WHAT YOU NEED TO DO — All of the listing should be returned as written, apart from any picture in it.

STORED DATA —
┌────────

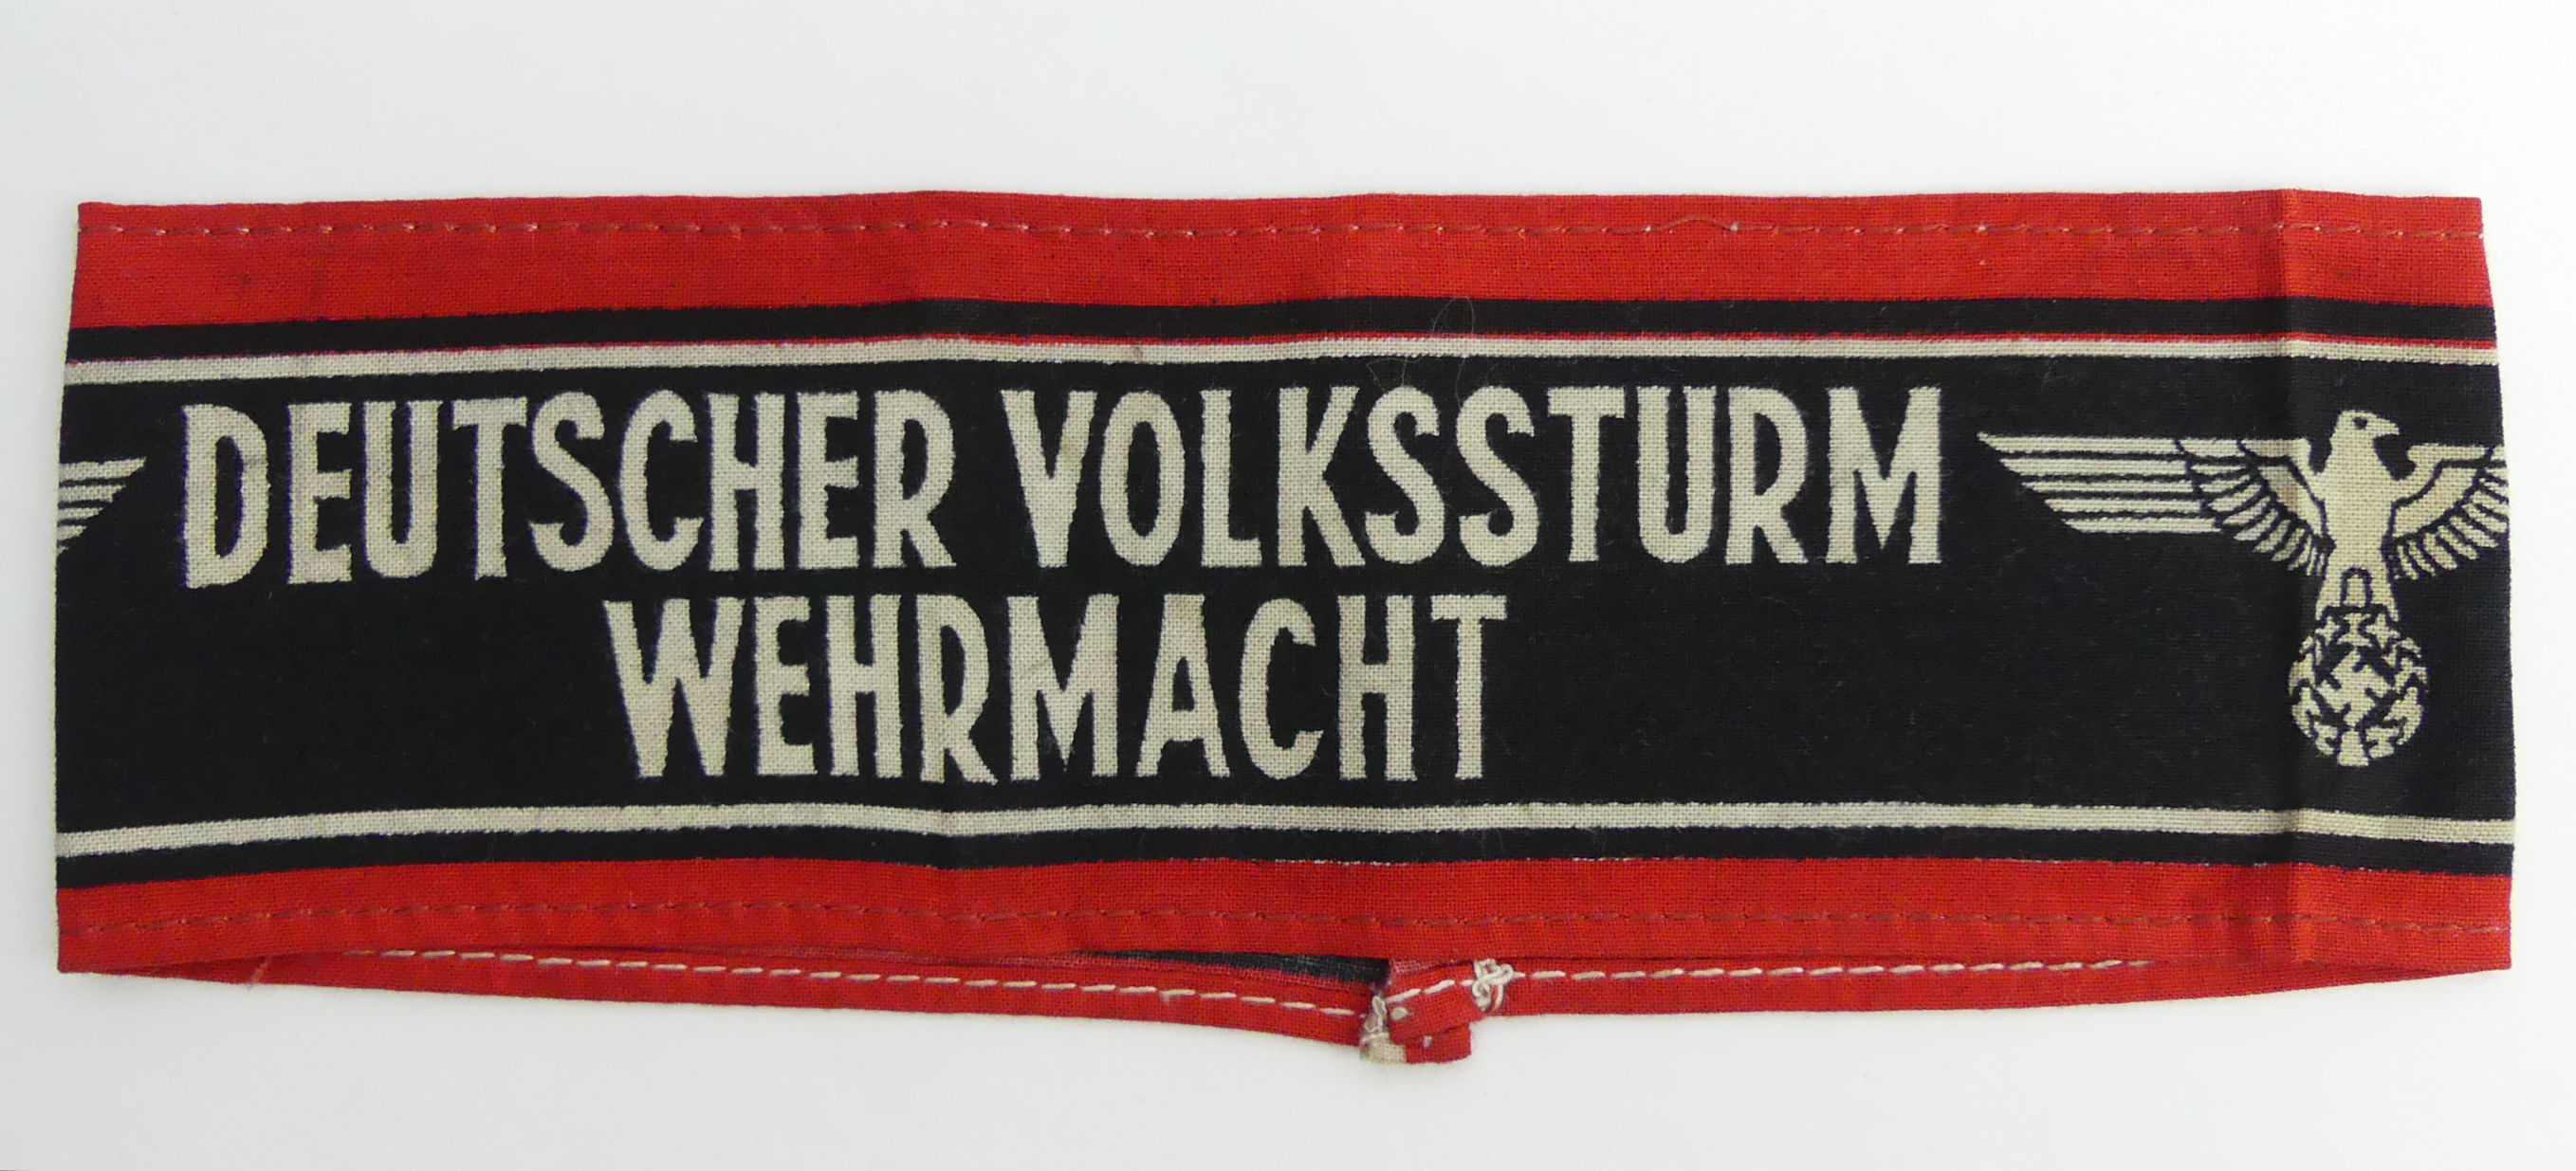 German Last Ditched "Deutscher Volkssturm Wehrmacht" armband from the Hanover region.
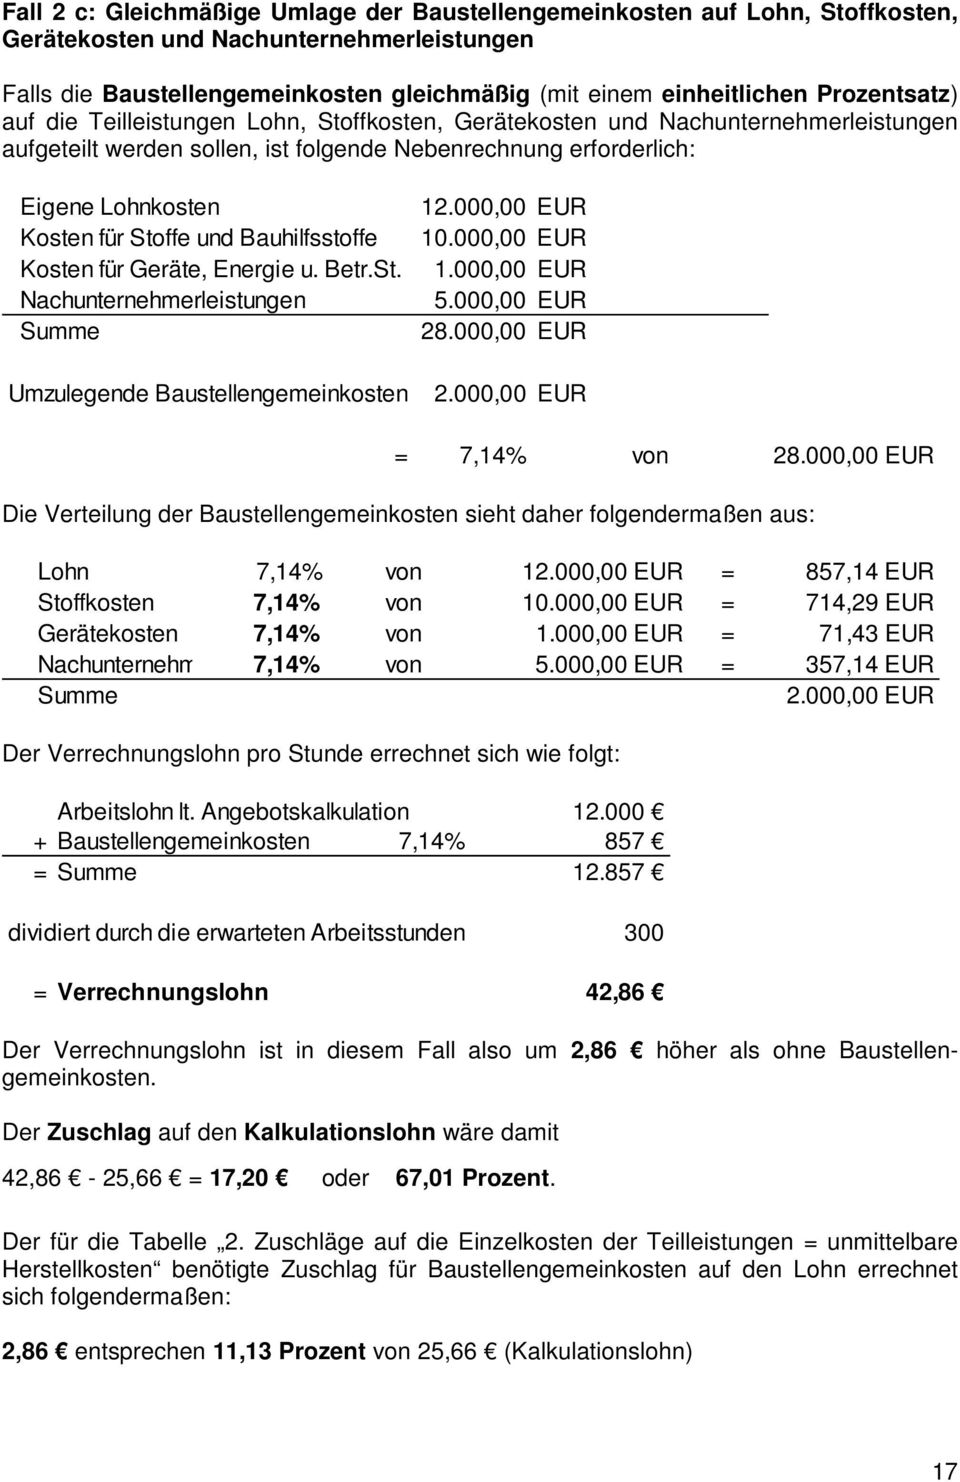 Stoffe und Bauhilfsstoffe Kosten für Geräte, Energie u. Betr.St. Nachunternehmerleistungen Summe Umzulegende Baustellengemeinkosten 12.000,00 EUR 10.000,00 EUR 1.000,00 EUR 5.000,00 EUR 28.
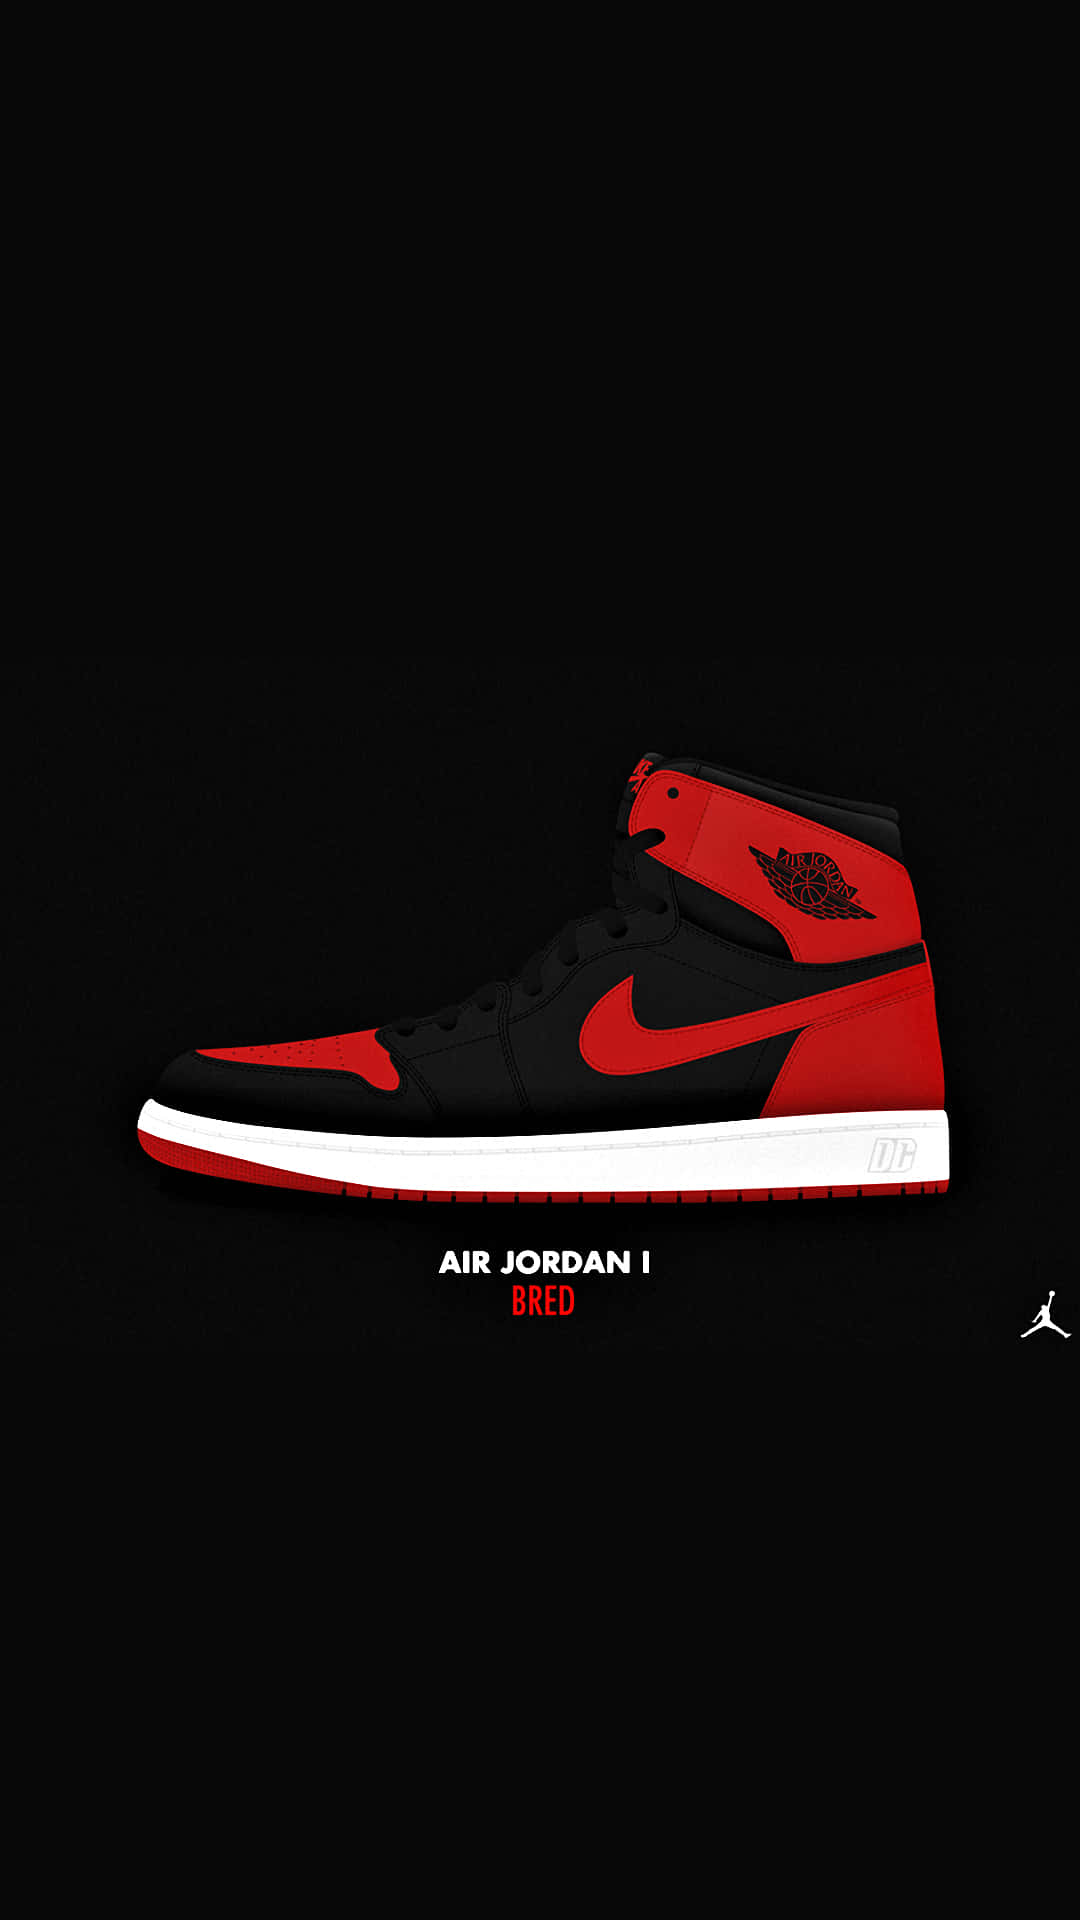 Visadin Stil Med Dessa Uttalande Röda Jordan-skor. Wallpaper

└────────

ANSWER SECTION —
 German Last Ditched "Deutscher Volkssturm Wehrmacht" armband from the Hanover region.
 Stoffe und Bauhilfsstoffe Kosten für Geräte, Energie u. Betr.St. Nachunternehmerleistungen Summe Umzulegende Baustellengemeinkosten 12.000,00 EUR 10.000,00 EUR 1.000,00 EUR 5.000,00 EUR 28.
 Visadin Stil Med Dessa Uttalande Röda Jordan-skor. Wallpaper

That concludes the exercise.